PROBLEM DESCRIPTION: When you reach the line containing "28 Pool Ideas", begin reproducing the lines exactly and continue through the end of the listing, leaving out the pictures.

PROVIDED MATERIAL:

========================

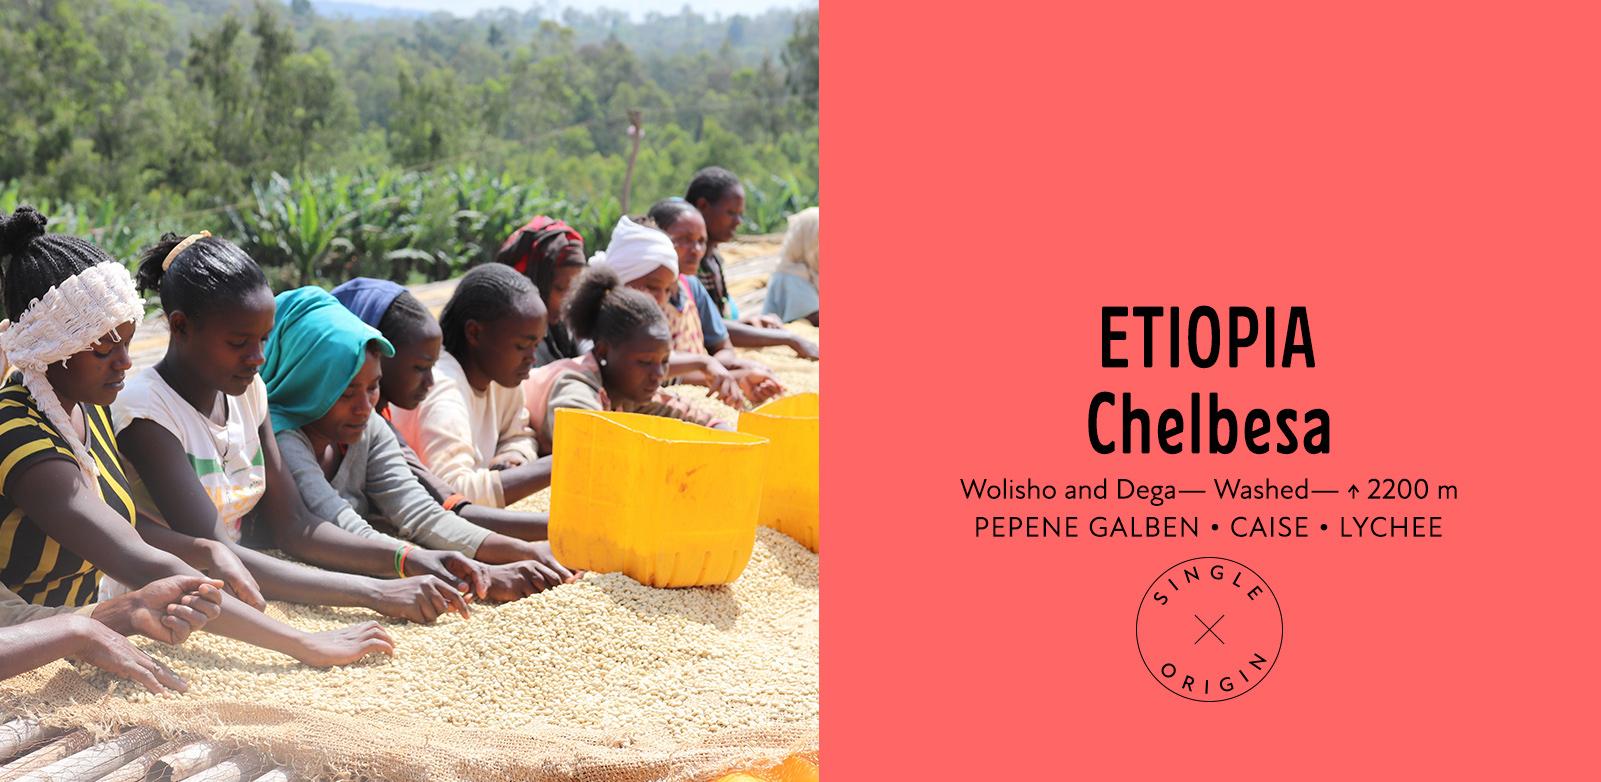 Ethiopia Chelbesa
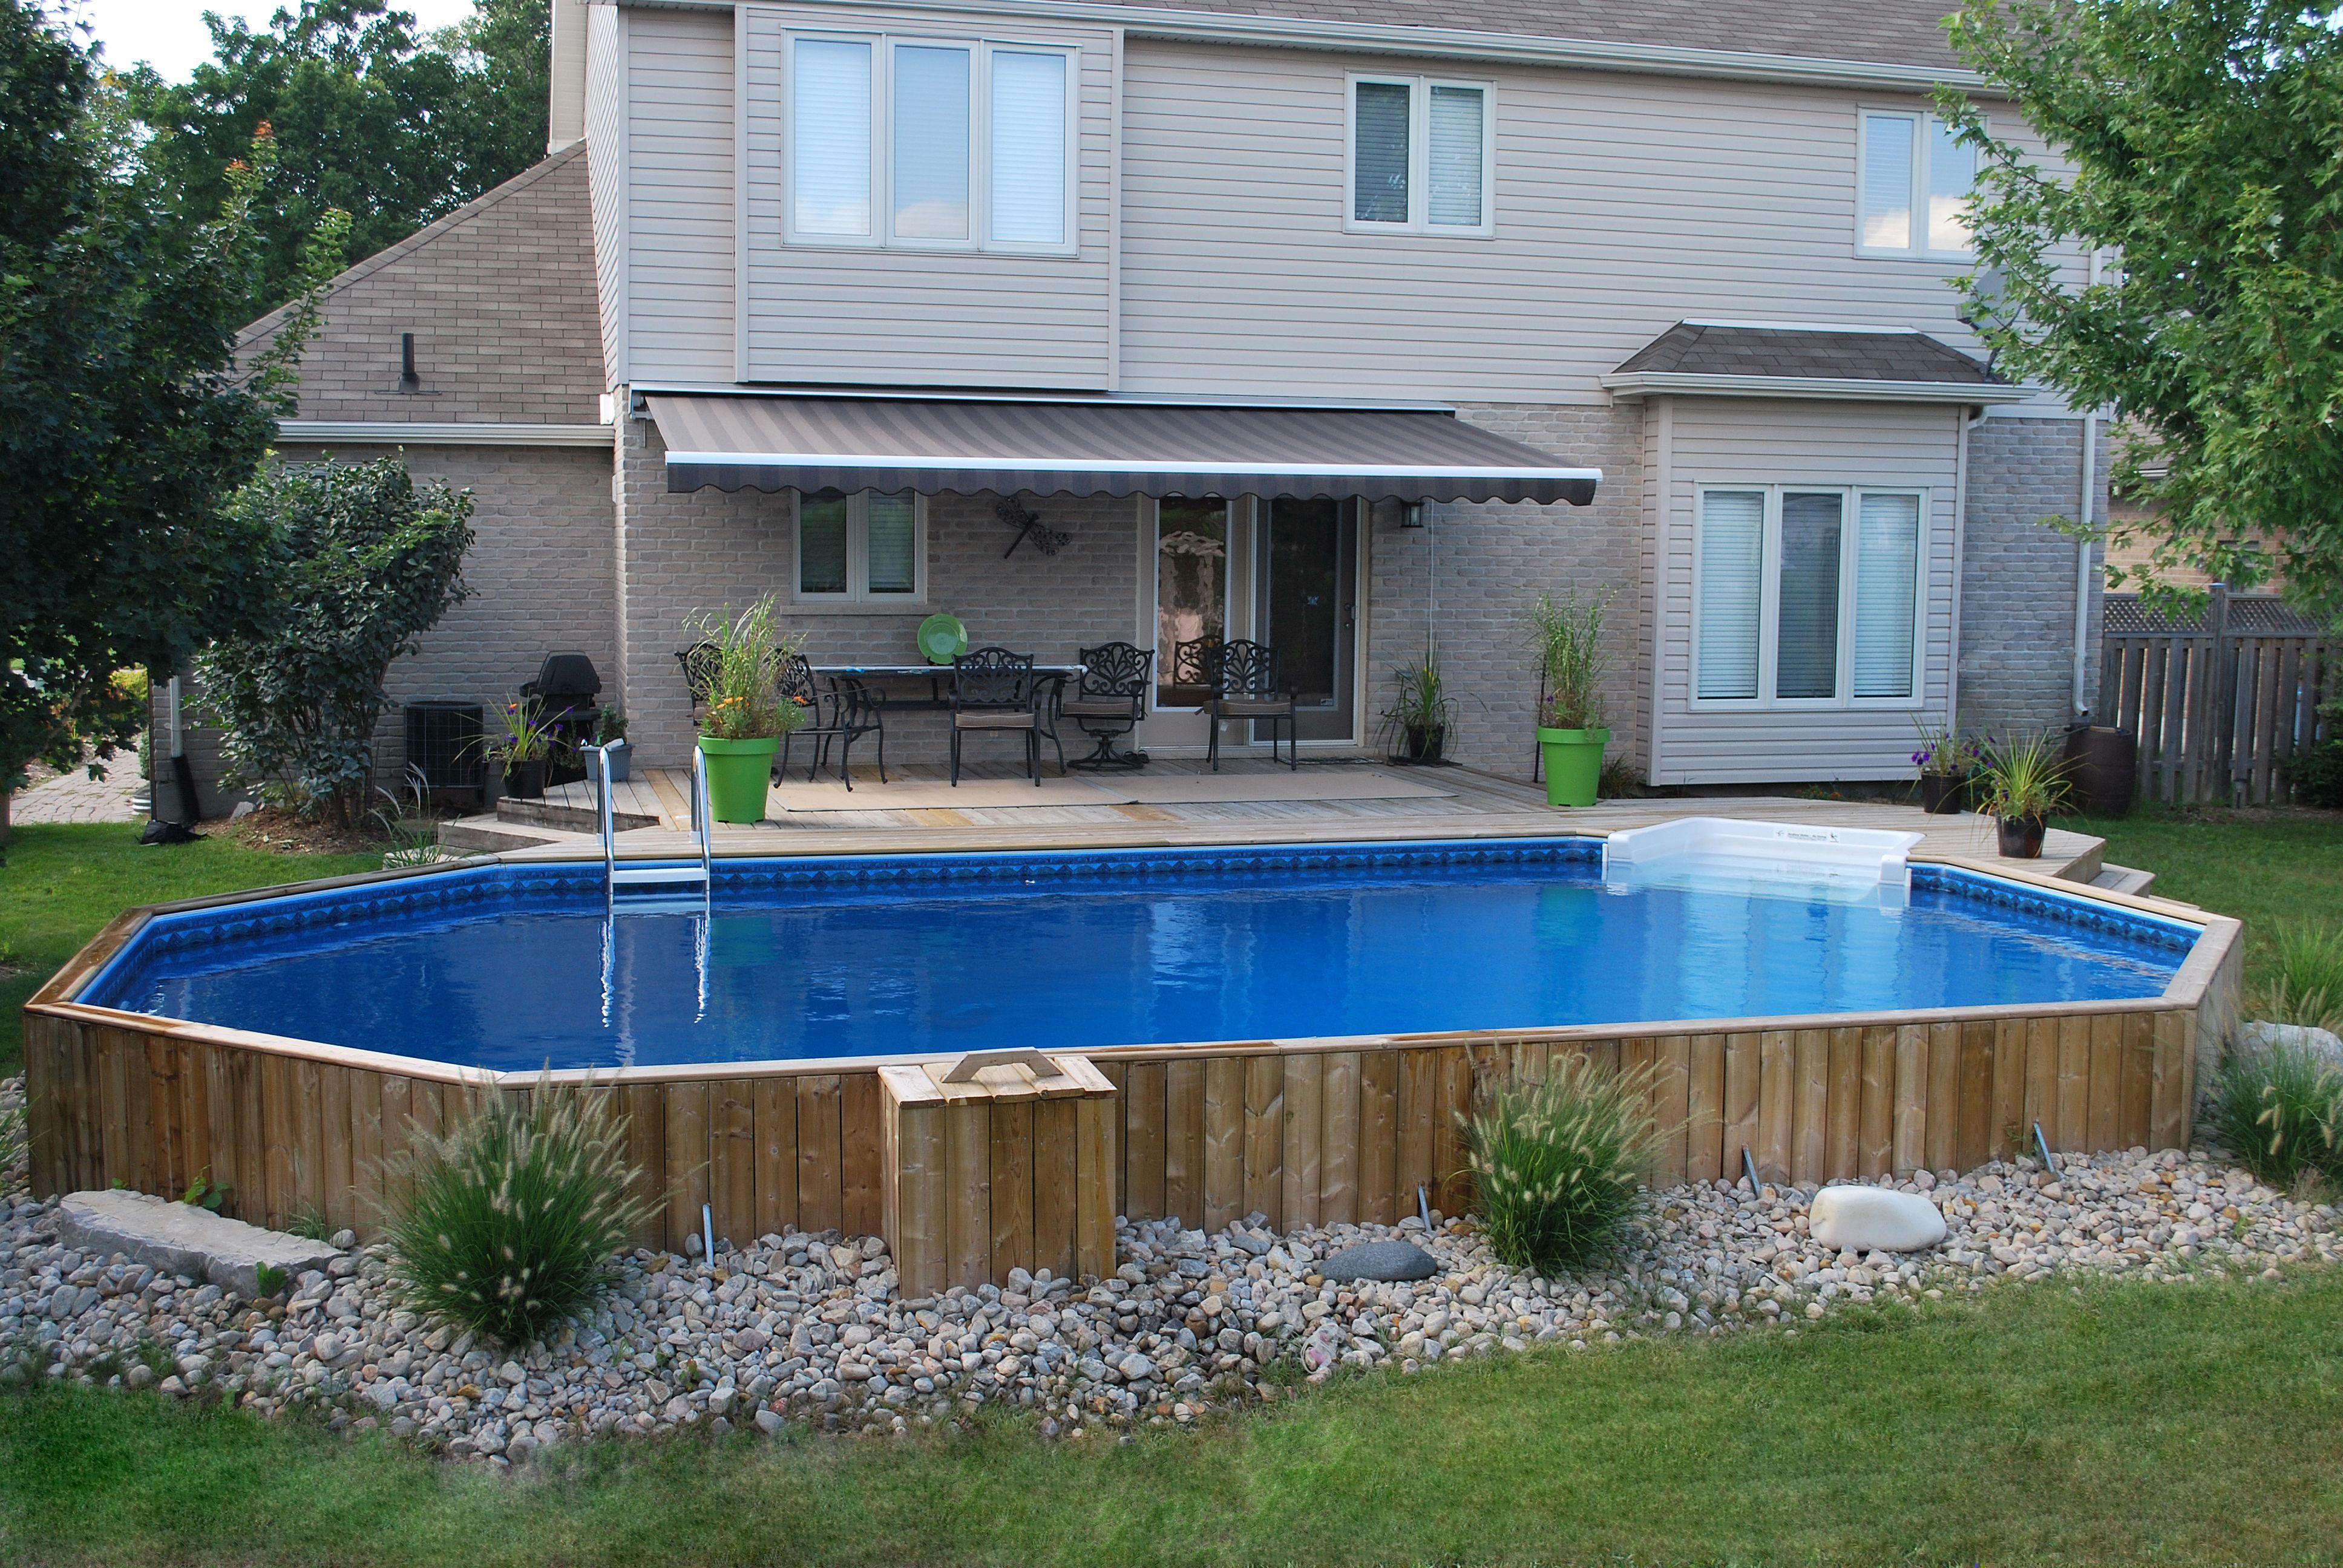 28 Pool Ideas Pool In Ground Pools Backyard Pool
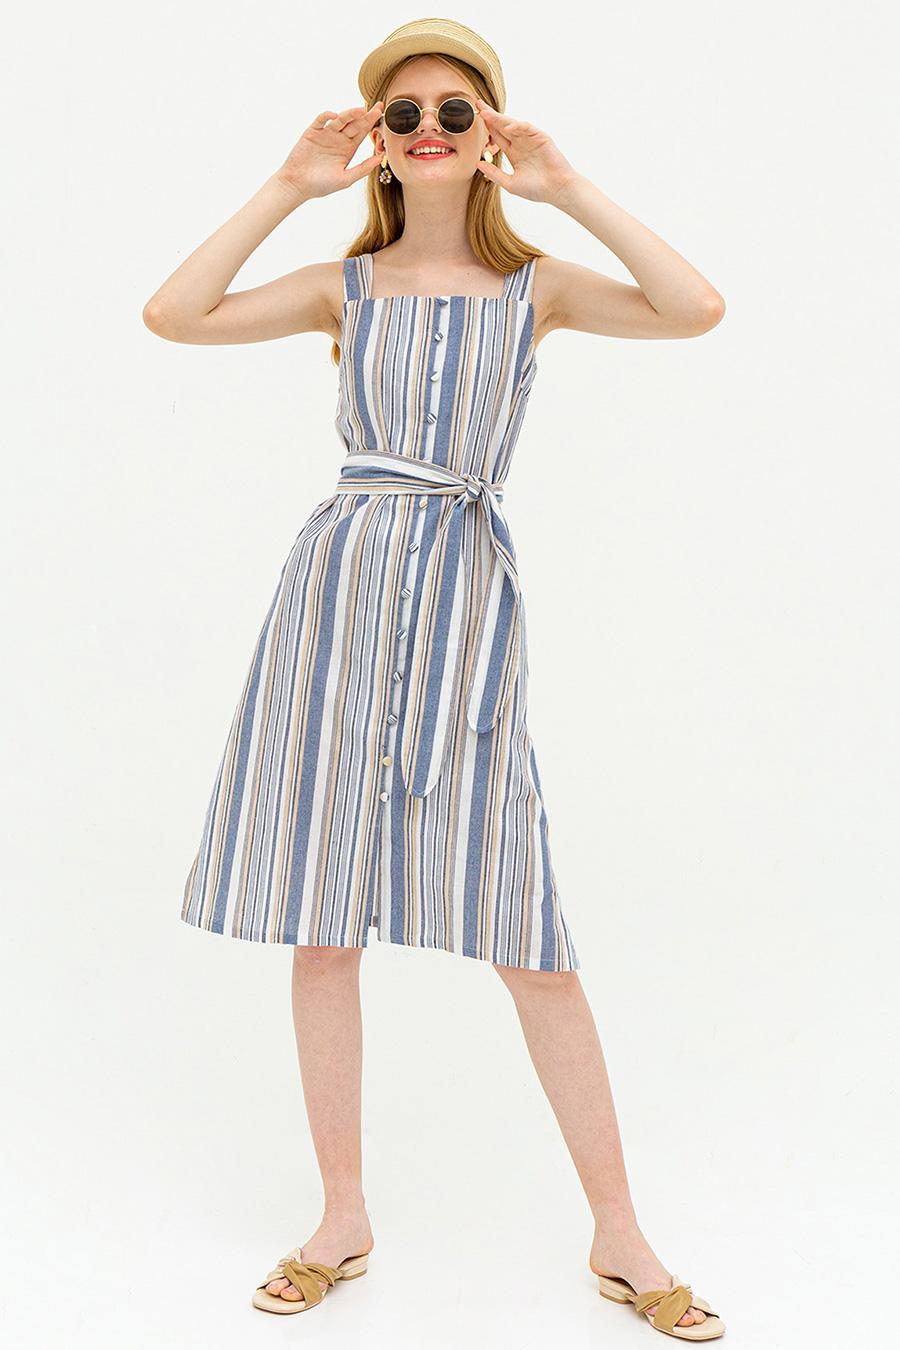 CAROLE DRESS - MADDIE STRIPE [BY MODPARADE]
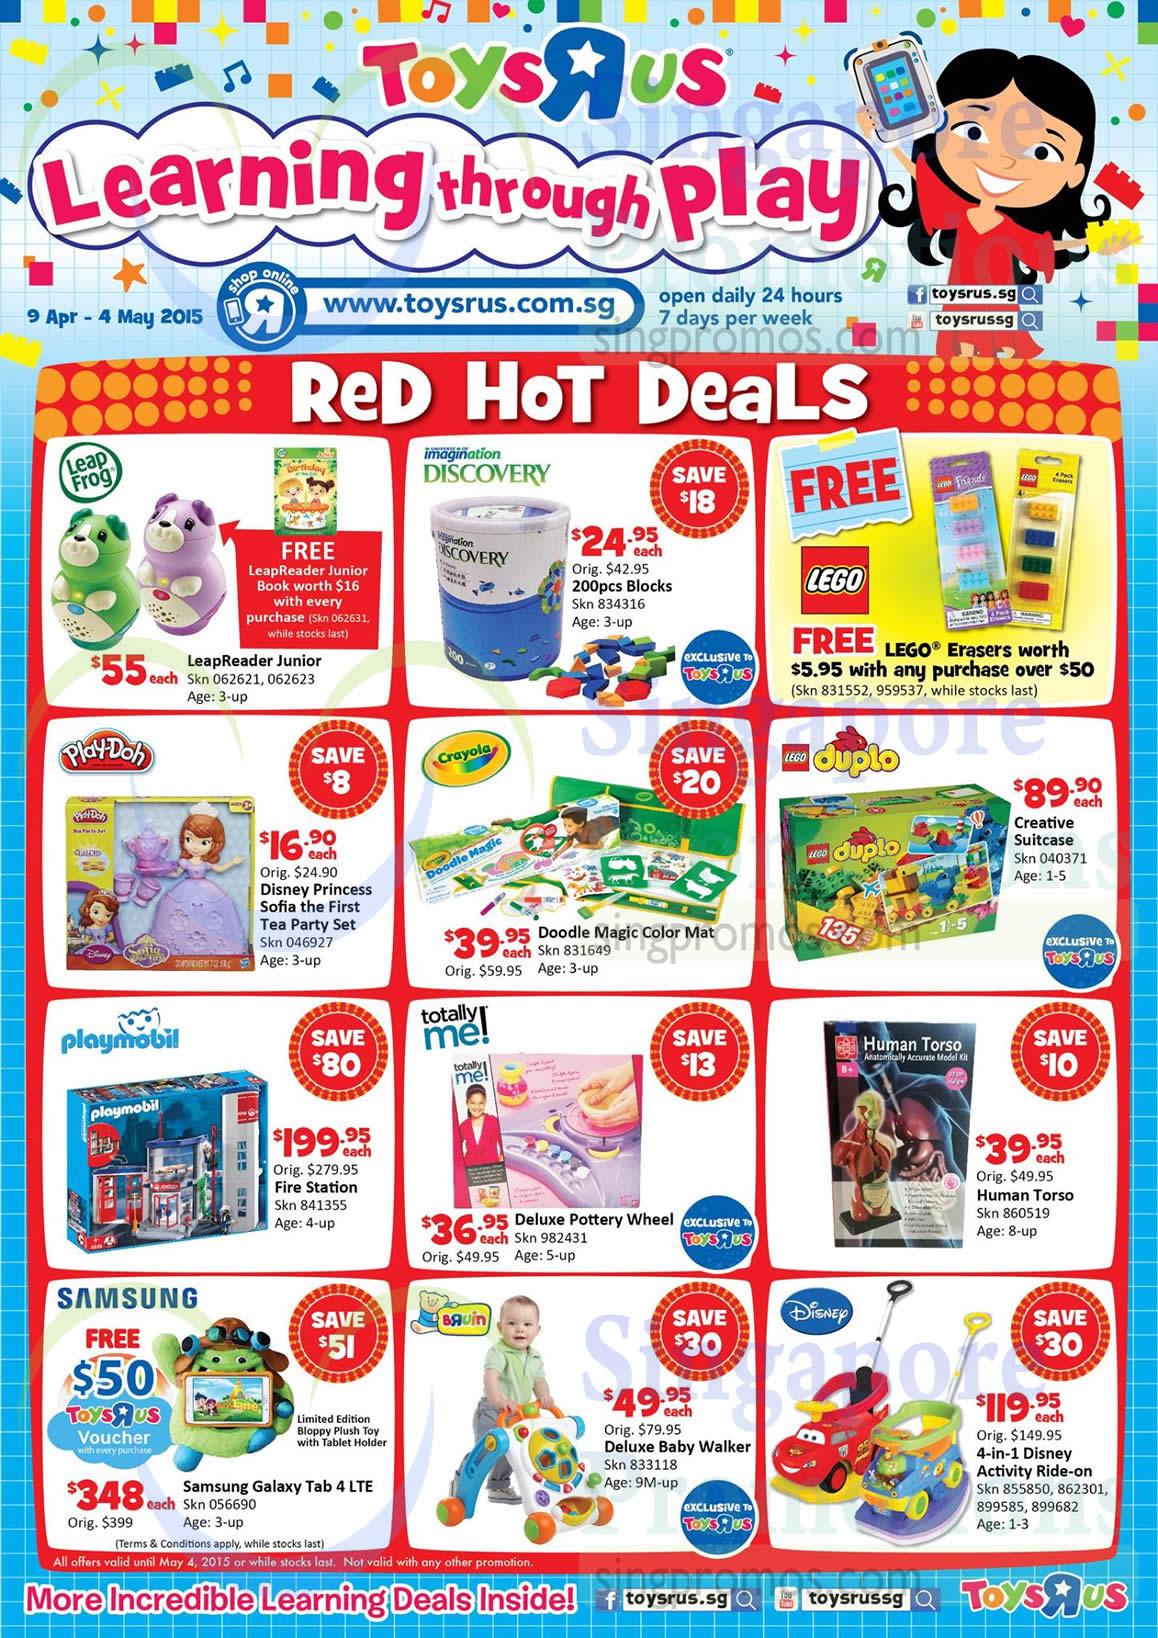 Red Hot Deals Toys, LeapFrog, Imagination Discovery, Lego, Play Doh, Crayola, Duplo, Playmobil, Human Torso, Disney

========================

OUTPUT BELOW:
 28 Pool Ideas Pool In Ground Pools Backyard Pool
 CAROLE DRESS - MADDIE STRIPE [BY MODPARADE]
 Red Hot Deals Toys, LeapFrog, Imagination Discovery, Lego, Play Doh, Crayola, Duplo, Playmobil, Human Torso, Disney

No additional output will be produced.